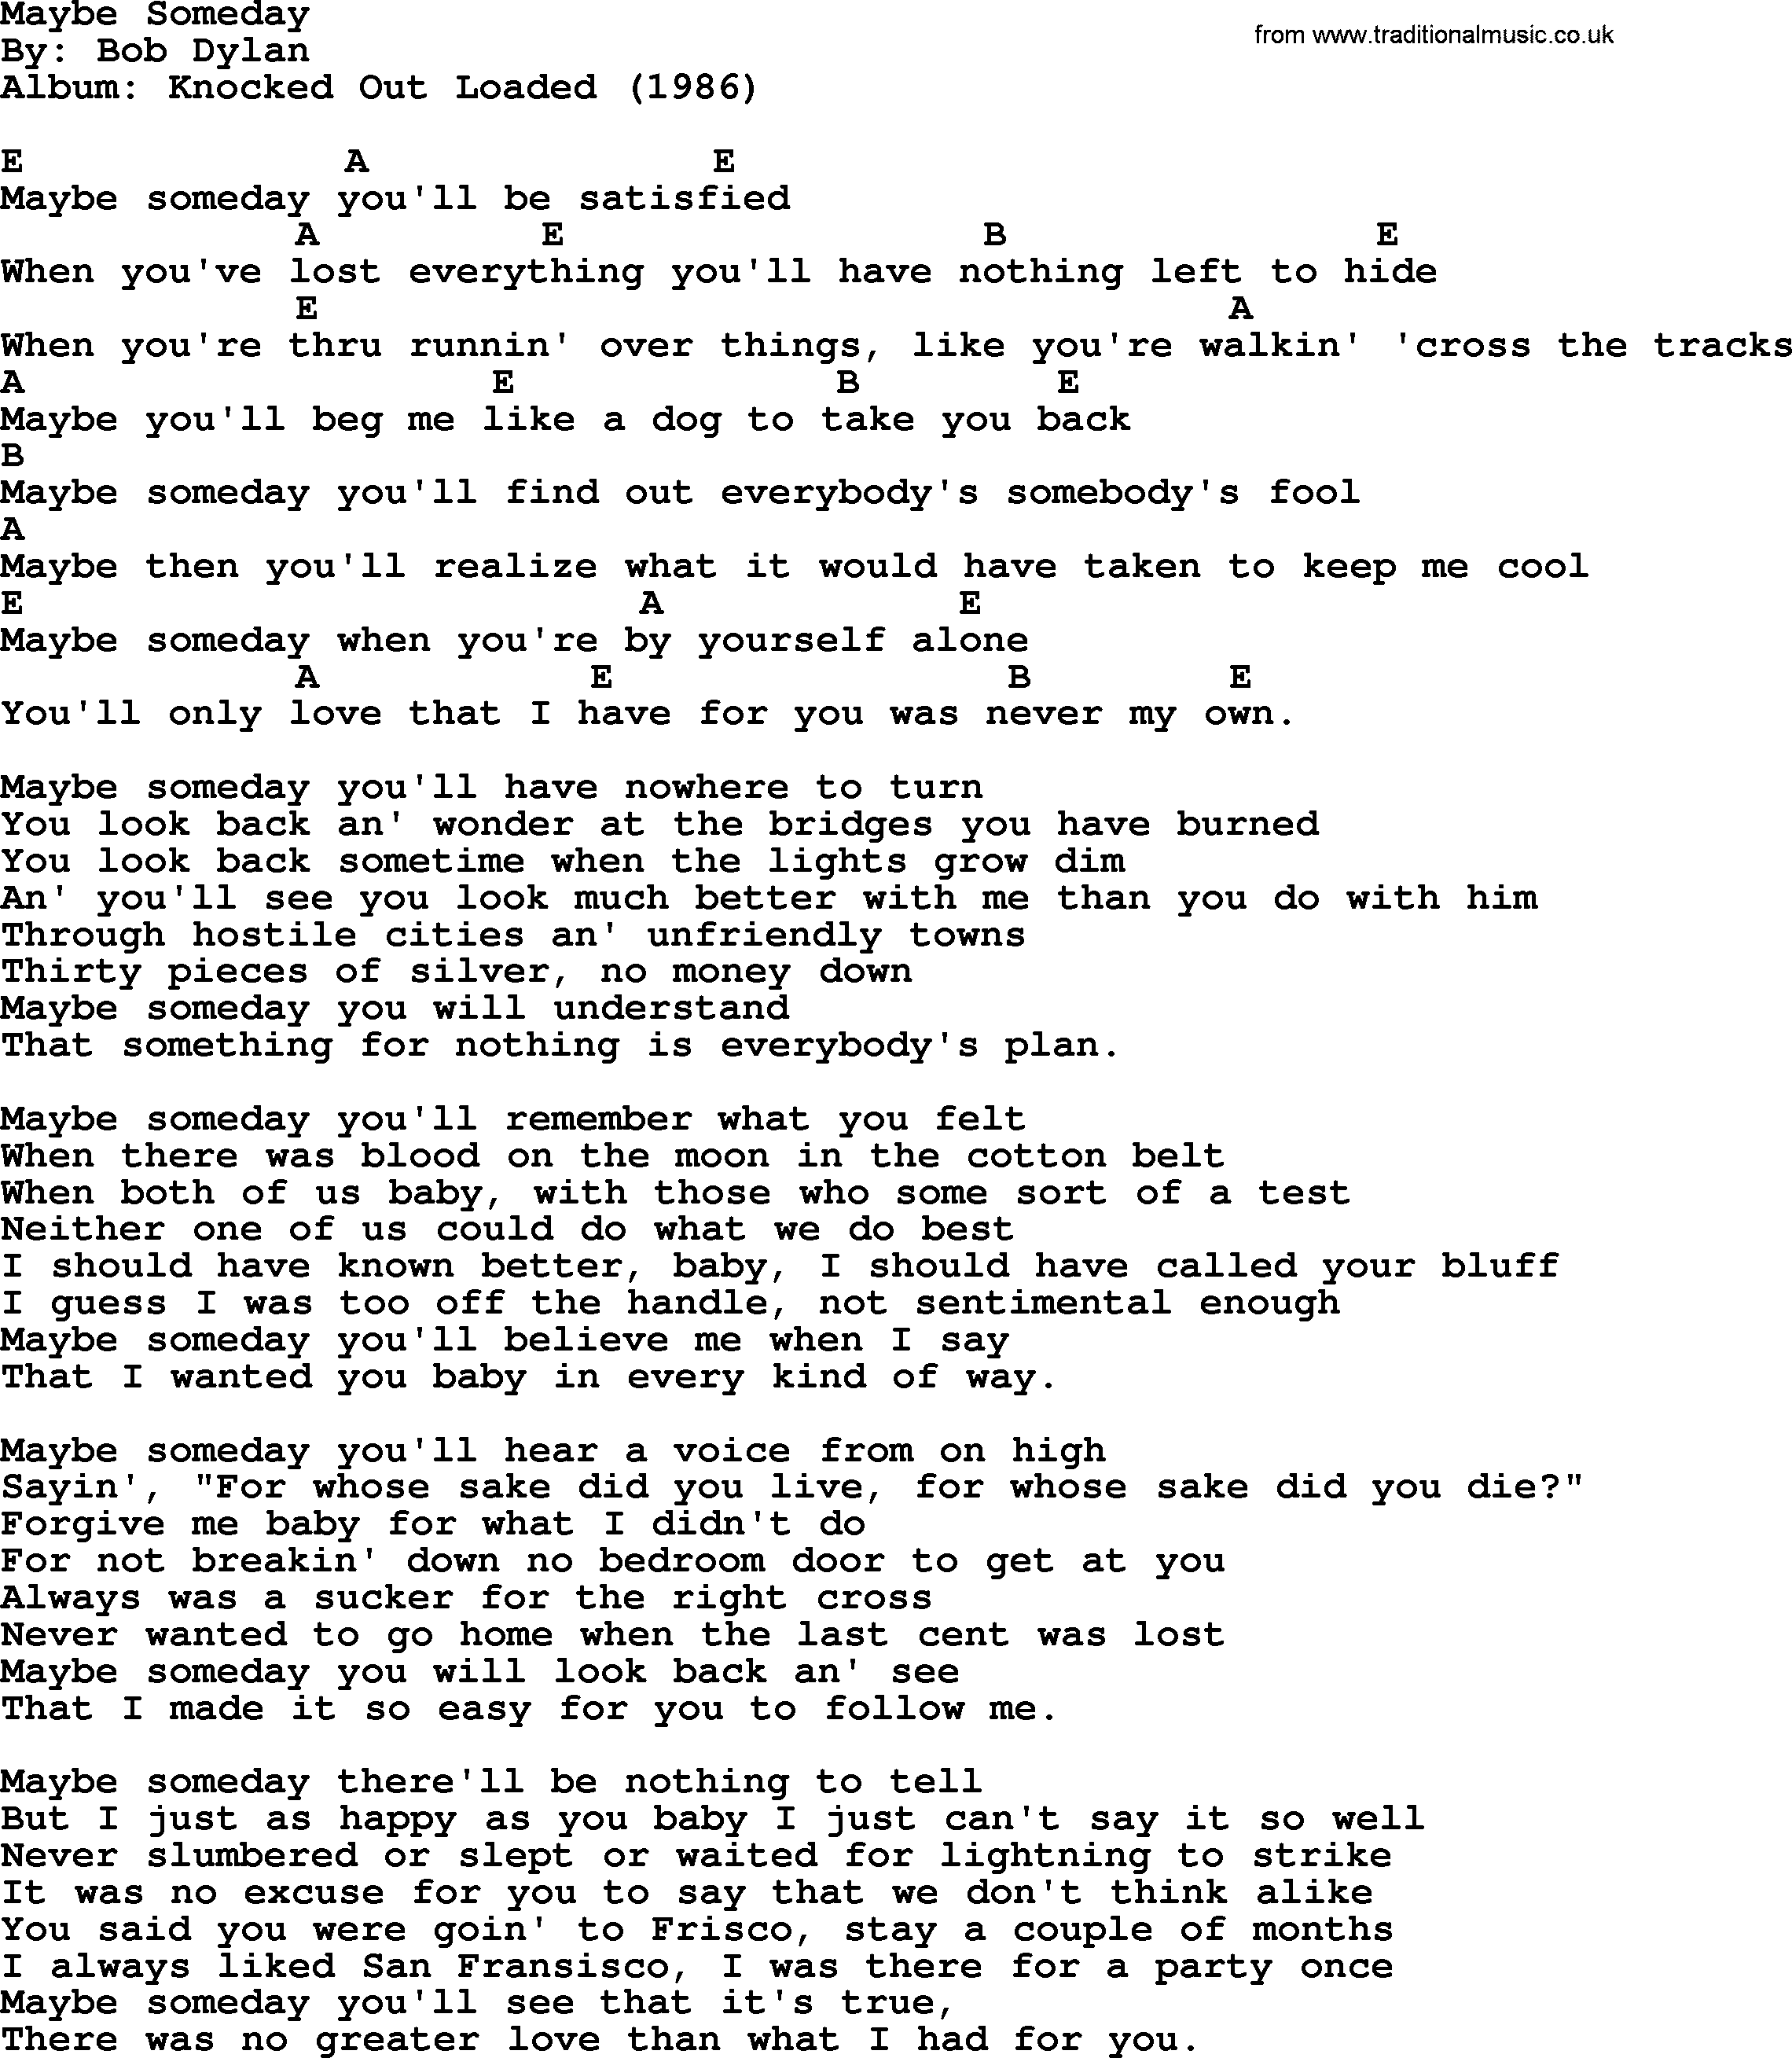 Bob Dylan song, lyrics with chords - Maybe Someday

★ ★ ★ ★

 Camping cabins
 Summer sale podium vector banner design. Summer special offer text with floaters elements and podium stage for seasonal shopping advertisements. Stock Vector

★ ★ ★ ★

▸ WORK ITEM: Output exactly one stretch of the listing: from the line containing "Camping cabins" through the line containing "Summer sale podium", both end lines included.

▸ EXERCISE RESULT:
 Camping cabins
 Summer sale podium vector banner design. Summer special offer text with floaters elements and podium stage for seasonal shopping advertisements. Stock Vector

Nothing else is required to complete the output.